Baseball Is Not Too Big to Fail
Spring is in the air, as is the repulsive scent of performance-enhancing drugs–temporarily in disuse but awaiting the go-ahead to resume juicing.
We used to think baseball was the cleanest of sports–certainly the easiest for fans to monitor: players are yards apart except for brief intervals– compared to basketball where players are always at push-and-shove range and we wouldn’t know most fouls were it not for the refs. Football is a blur of flying bodies and even replays on 46-inch home tv leave us wondering exactly who-done-what on any given down.
Oh, baseball’s had its moments, beginning with the Black Sox, but memories are short, not to mention dulled by beer, and we forgive easily if the the game will just resume so we can forget our lives of quiet desperation.
Two things regarding players are hard to see with the naked eye: 1) bribes and betting–and 2) juicing, which affords a leg up on other players. But you could be blind in one eye and unable to see out of the other and still know when A-Rod went from his already Adonis-like body to that of the half-man, half-horse of myth and fable. I waited for announcers to mention he had become twice his size, and to joke that maybe he was putting in extra hours at the Yankee’s gym, but they have jobs to hang onto, so we need not look for truth, let alone courage, from announcers’ booths .
Thus A-Rod continued to cut a fine figure at the plate for his adoring crowds, as did Jason Giambi and of course Andy Pettitte on the mound–till fate caught up with them. But after a brief gasp from the public and near heart-attacks from the lords of major league ball, all continued their merry way, Barry Bonds, Manny Ramirez and others in tow. The lesson was not: stop the cheating in baseball! but “I’ll hold up the rug and you sweep this crap under it.”
At this point I pause to honor all those dads who hate this kind of talk, insisting that we must turn our heads and shut up because our precious kids must not lose their faith in this grand old game that is so wonderful to see. From whence cometh this brand of ethics, I have no idea, but will say that when we teach kids to ignore truth for the sake of appearances, we’re doing them no favors whatever. Tell them rather of Bart Giamatti, the late baseball comish, whose name should be over the gate to every major league stadium because he blew the whistle on the most sacred of cows, Pete Rose, and stood up to a storm of criticism that I am convinced is what killed Giamatti.

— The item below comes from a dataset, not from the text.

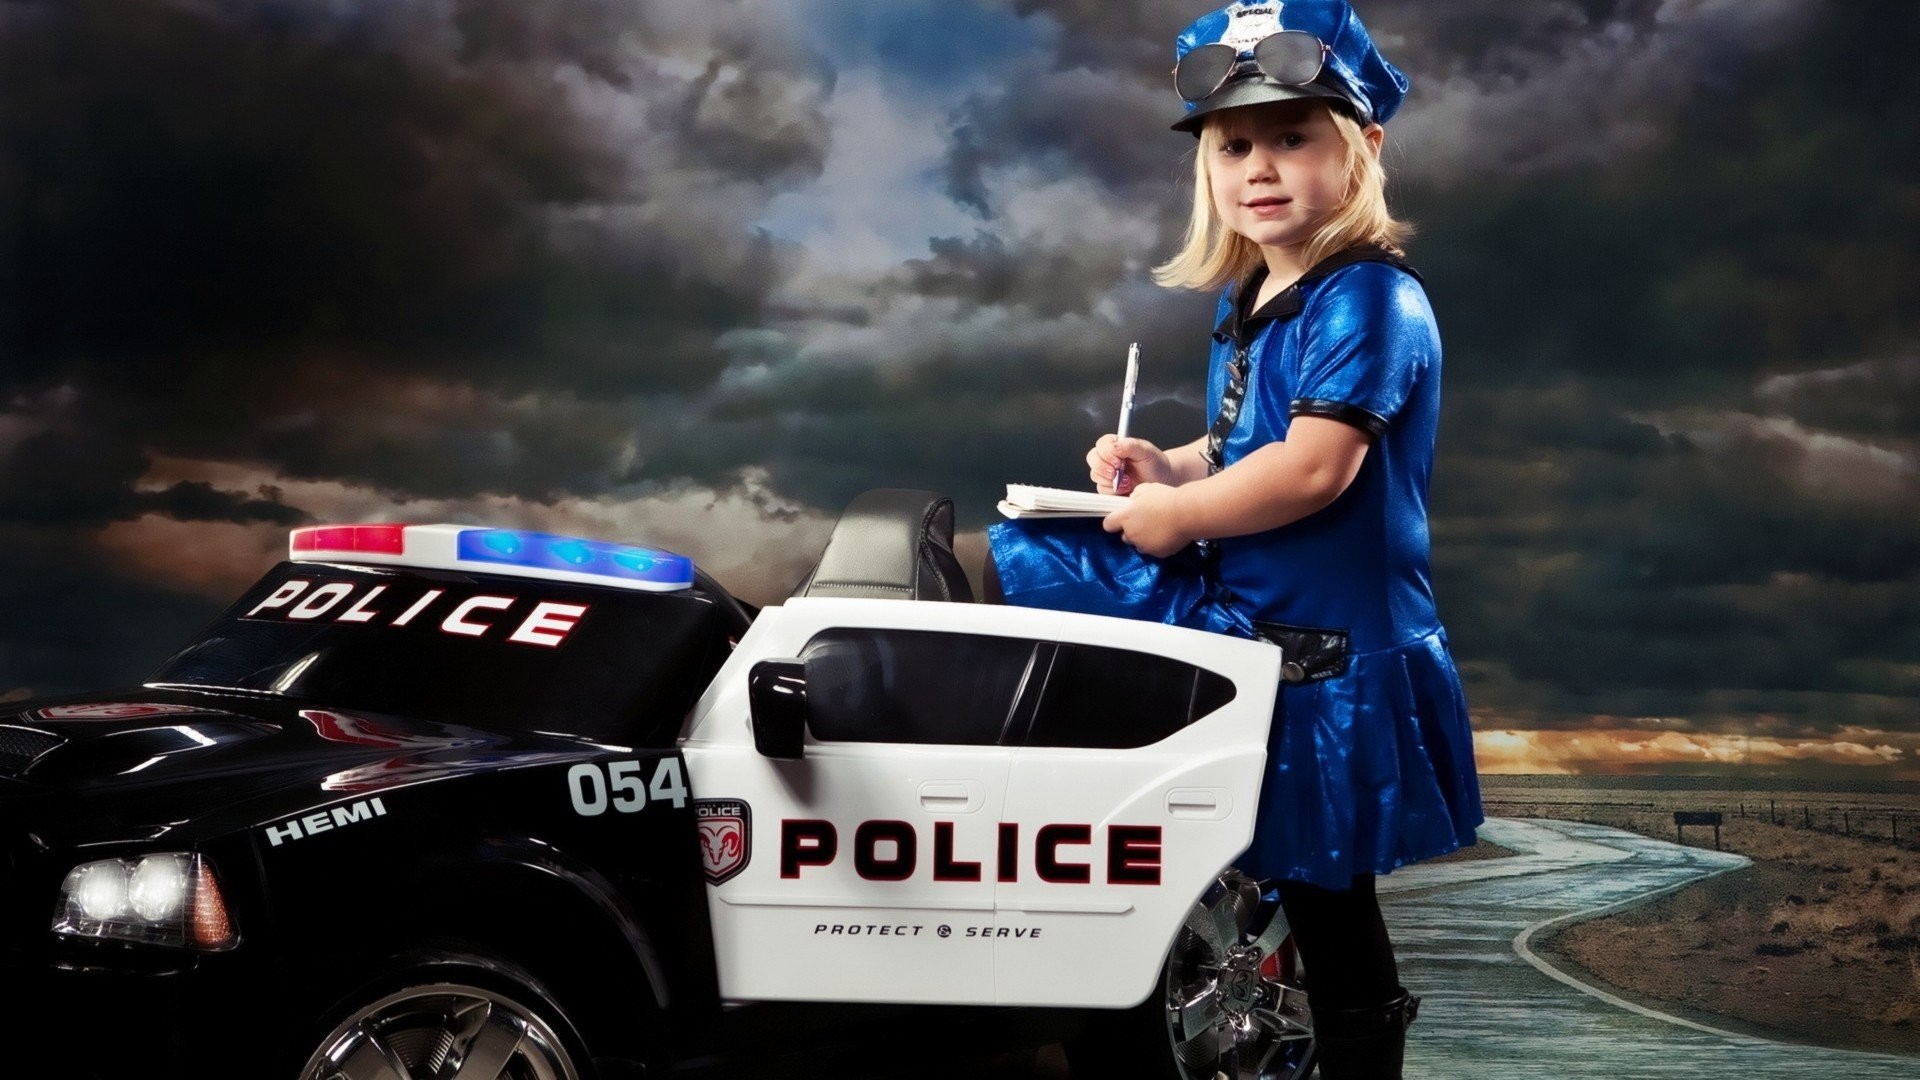 Women police funny police cars wallpaper | | 252101 | WallpaperUP

And while I’m knocking our selective memories, I remind us of Bart’s gutsy predecessor, Pete Ueberroth, who in the mid-1980s invoked a series of sanctions against players involved with “cocaine and other drugs” in response to trial testimony of six players regarding a Phillies caterer who sold coke to payers.

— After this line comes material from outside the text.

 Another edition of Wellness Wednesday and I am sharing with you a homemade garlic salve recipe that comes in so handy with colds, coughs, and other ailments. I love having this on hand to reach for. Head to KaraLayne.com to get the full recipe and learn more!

Ueberroth was convinced that drug abuse by players was a “serious threat to baseball’s standing with the American people,” and vowed to “eliminate drugs from baseball (and) be relentless until that is done.” Players Joaquin Andujar (A’s), Dale Berra (Yanks), Keith Hernandez (Mets), Jeff Leonard (Giants), Dave Parker (Reds) and Lonnie Smith (Royals) were cited as having “a prolonged pattern of drug use and…in some cases facilitated distribution.”
Ueberroth offered to withhold their suspension for the ‘86 season–IF the players agreed to donate 10% of their salaries to antidrug programs, take part in 100 hours of antidrug community programs for two years, and submit to random tests through the balance of their careers. All Hernandez idolizers out there: please recall that he got the largest fine–$135,000 on a salary of $1.35 million. After first threatening not to comply he quickly and wisely relented.

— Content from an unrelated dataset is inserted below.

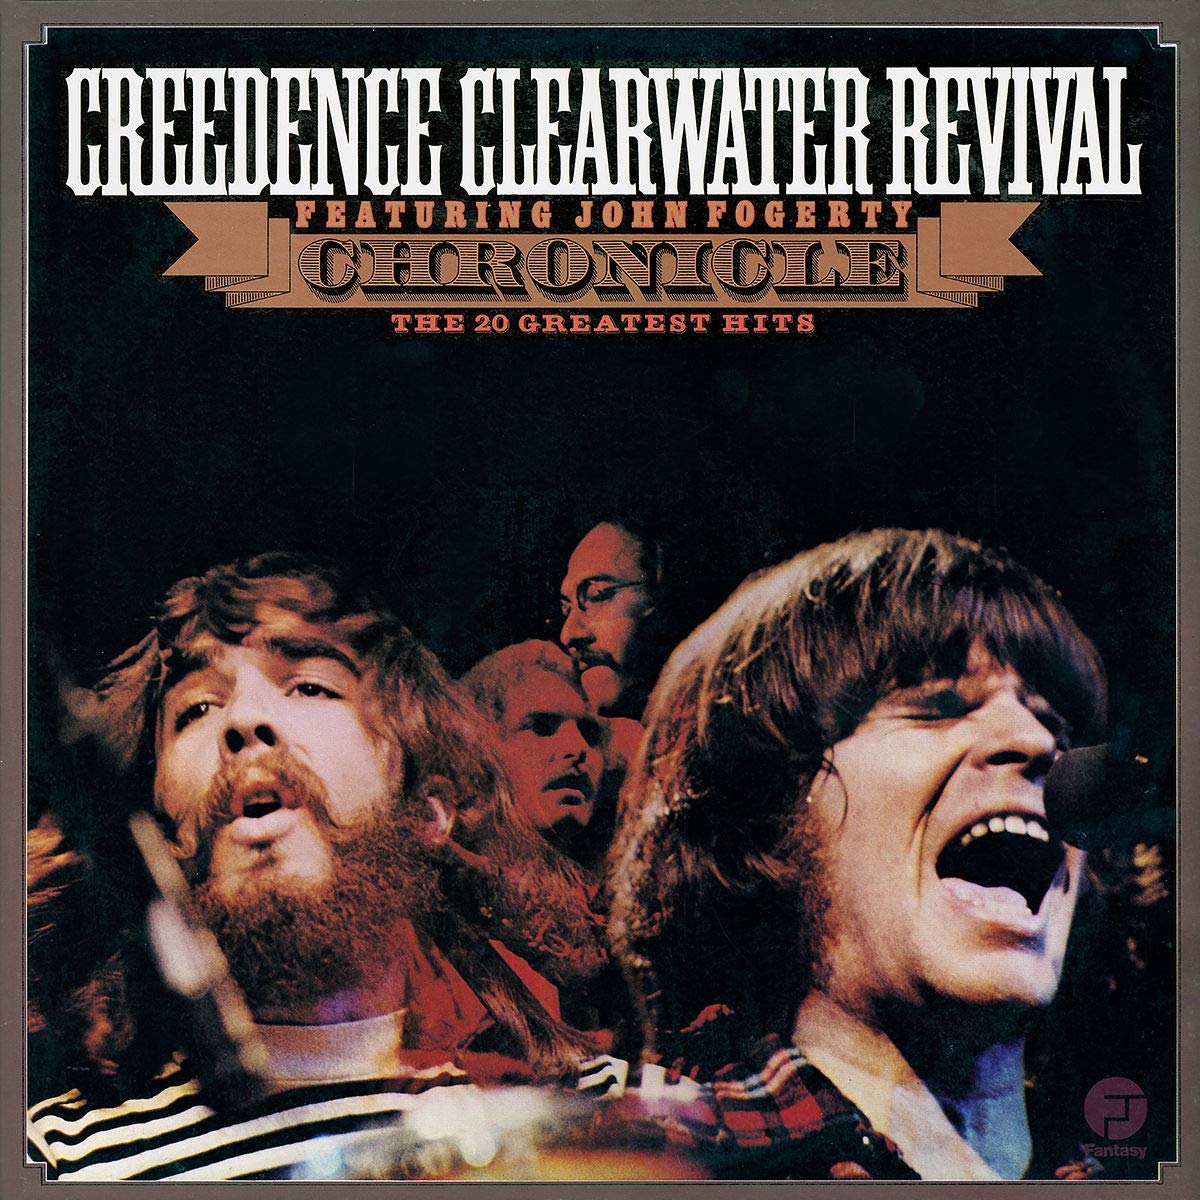 Creedence Clearwater Revival: Chronicle

Such leadership is the kind that can save baseball–if allowed to, but here’s the kicker: Ueberroth also ordered random testing for all employees of baseball, including management (and for minor league players) but was blocked by the players’ union and its exec director Don Fehr (may his name live in infamy). Thankfully, such was not the consensus among all players, a number of whom voluntarily submitted to tests–the Orioles doing so as a team.
Whoever thinks baseball is too big to fail is living in a dream world, but the current bosses of the game, via delay tactics and reliance on the unethical tolerance of American fans, are striving mightily to let all big fish off the hook.
If they succeed, not only will we witness the death of a great American game, but its demise will be a slow and agonizing one.